II. Философский интерес

Поскольку философия выстроена на психологии, она не может не считаться с огромнейшим интересом к психоаналитическим нововведениям в психологию и не реагировать на это новое обогащение наших знаний таким же способом, какой она уже показала при всех более или менее значительных успехах специальных наук. Особенно же обнаружение бессознательной душевной деятельности должно побудить философов занять определенную позицию и, в случае согласия, модифицировать свои гипотезы о взаимоотношении души и тела, пока они не станут соответствовать новым познаниям. Конечно, философия постоянно занималась проблемой бессознательного, но при этом ее представители (за немногими исключениями) занимали одну из двух крайних позиций, которые мы сейчас приведем. Они рассматривали бессознательное как что-то мистическое, неуловимое и скрытое, отношение которого к психическому оставалось в тумане, либо же просто отождествляли душевное с сознанием, а затем уже из этого определения выводили, что нечто, наподобие бессознательного, не может быть ни качеством психического, ни предметом психологии. Такие мнения появляются потому, что философы осудили бессознательное, не зная самих феноменов бессознательной душевной жизни, то есть не догадываясь, насколько эти феномены близки к сознательным феноменам и чем они от них отличаются. Если же кто-то, несмотря на свою эрудицию в этом вопросе, хочет придерживаться старой конвенции, приравнивающей сознательное к психическому и потому отказывающей бессознательному в психическом характере, то против этого, естественно, нечего возразить, кроме того, что такое разделение оказывается в высшей степени непрактичным. Ведь бессознательное можно легко описать, а также исследовать его развитие со стороны его отношения к сознанию, с которым оно имеет очень много общего. Напротив, приблизиться к бессознательному со стороны физических процессов пока еще невозможно. То есть оно должно оставаться объектом психологии.

Философия может получить от психоанализа стимул и другого рода, а именно, сама становясь его объектом. Философские учения и системы являются трудом небольшого числа лиц с выдающимися оригинальными качествами. Ни в одной из других наук личности научного работника не выпадает такая большая роль, как в философии. Только психоанализ позволяет нам сейчас создать психографию личности (см. ниже: социологический интерес). Он учит нас познавать аффективные единицы (зависящие от влечений комплексы), которые нужно предполагать в каждом индивиде, и помогает нам исследовать превращения и конечные результаты, вызванные этими влечениями.
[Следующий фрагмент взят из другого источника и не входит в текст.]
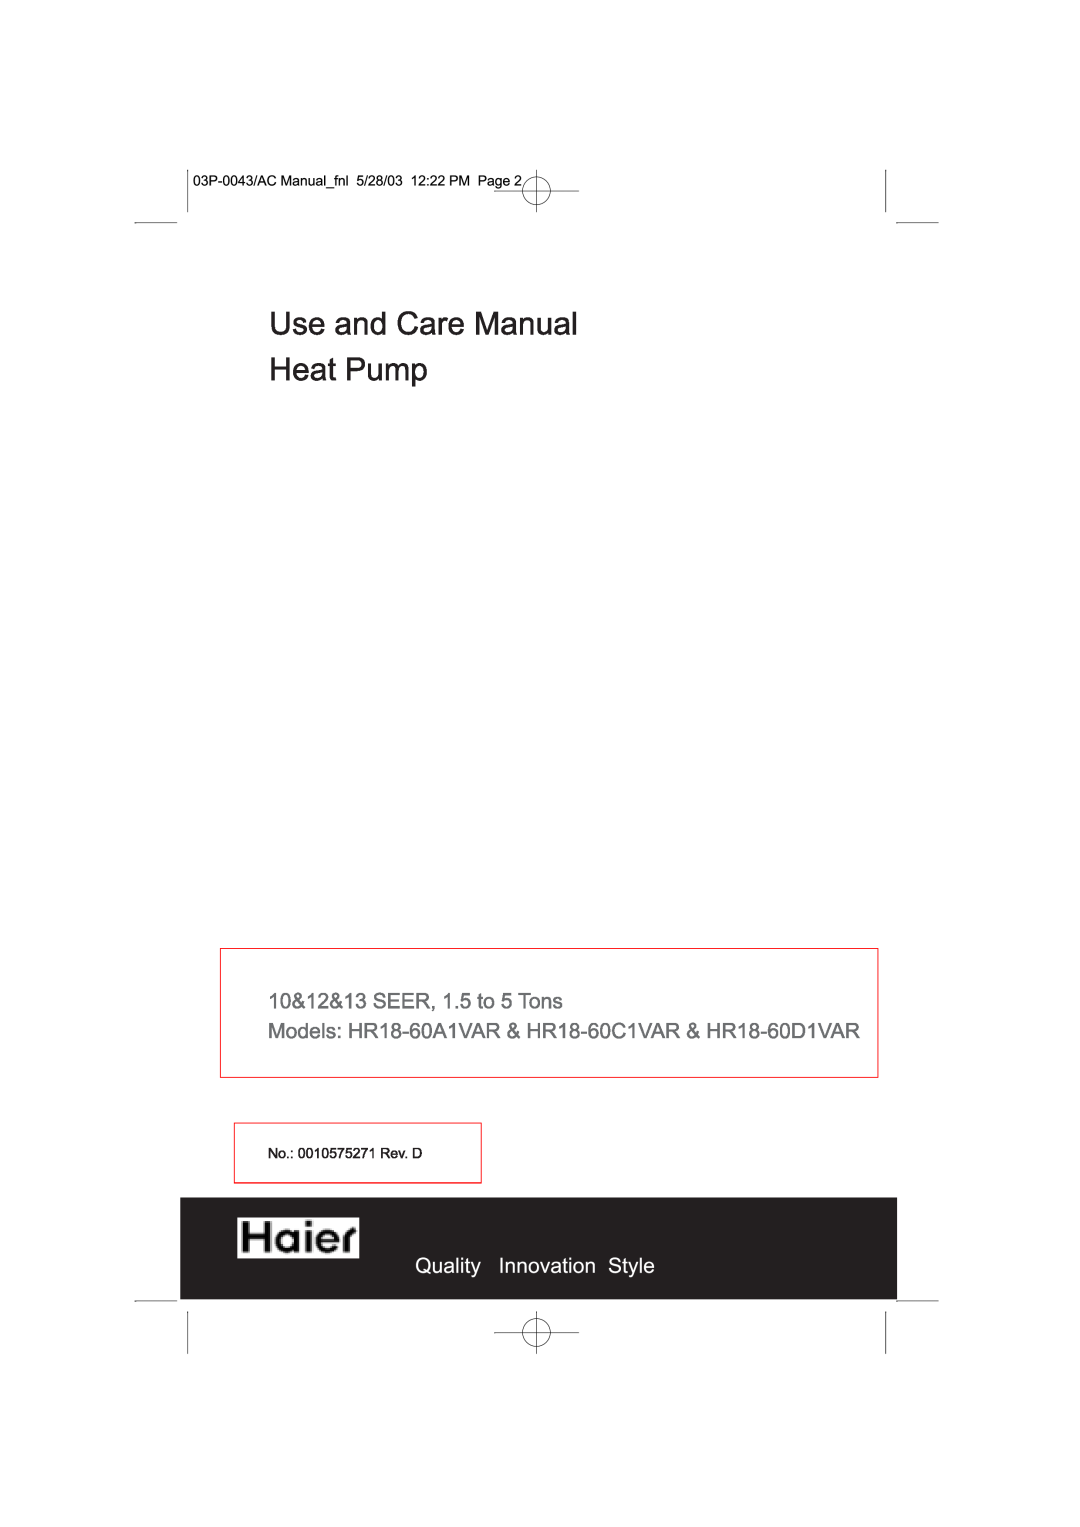 Haier HR18-60D1VAR manual

Он открывает отношения, которые существуют между наследственностью и жизненной судьбой какого-либо лица и его возможными вершинами, благодаря особой одаренности. Внутреннее ядро художника, скрытое за его творением, психоанализ может разгадать с большей или меньшой точностью по его творению. Таким же образом, психоанализ может вскрыть и субъективную индивидуальную мотивацию философских учений, которые якобы появились в результате беспристрастной логической работы, и самой же критике показать слабые пункты таких систем. Заниматься же критикой на практике не дело психоанализа, что и понятно, ибо психологическая детерминация какого-либо учения ни в коем случае не исключает его научную корректность.

 

III. Биологический интерес

Психоанализ не ожидала судьба других молодых наук, которые с самого начала приветствуются полным ожидания участием всех заинтересованных в прогрессе познания. Долгое время психоанализ просто не замечали, а когда наконец невнимание стало уже невозможным, он стал — по аффективным причинам — объектом сильнейшего враждебного отношения со стороны тех, кто не удосужился познакомиться с ним более основательно. Такой недружелюбный прием связан с тем, что психоанализ на своих объектах исследования должен был очень рано прийти к открытию, что нервные заболевания являются проявлением нарушения сексуальной функции, и потому имел все основания посвятить себя исследованию этой функции, слишком долго пренебрегаемой всеми. Тот же, кто придерживается требования, что на научное мнение нельзя оказывать давление посредством аффективной установки, проявит к психоанализу, из-за его особого направления исследований, большой биологический интерес, а сопротивление психоанализу оценит лишь как доказательство его правоты.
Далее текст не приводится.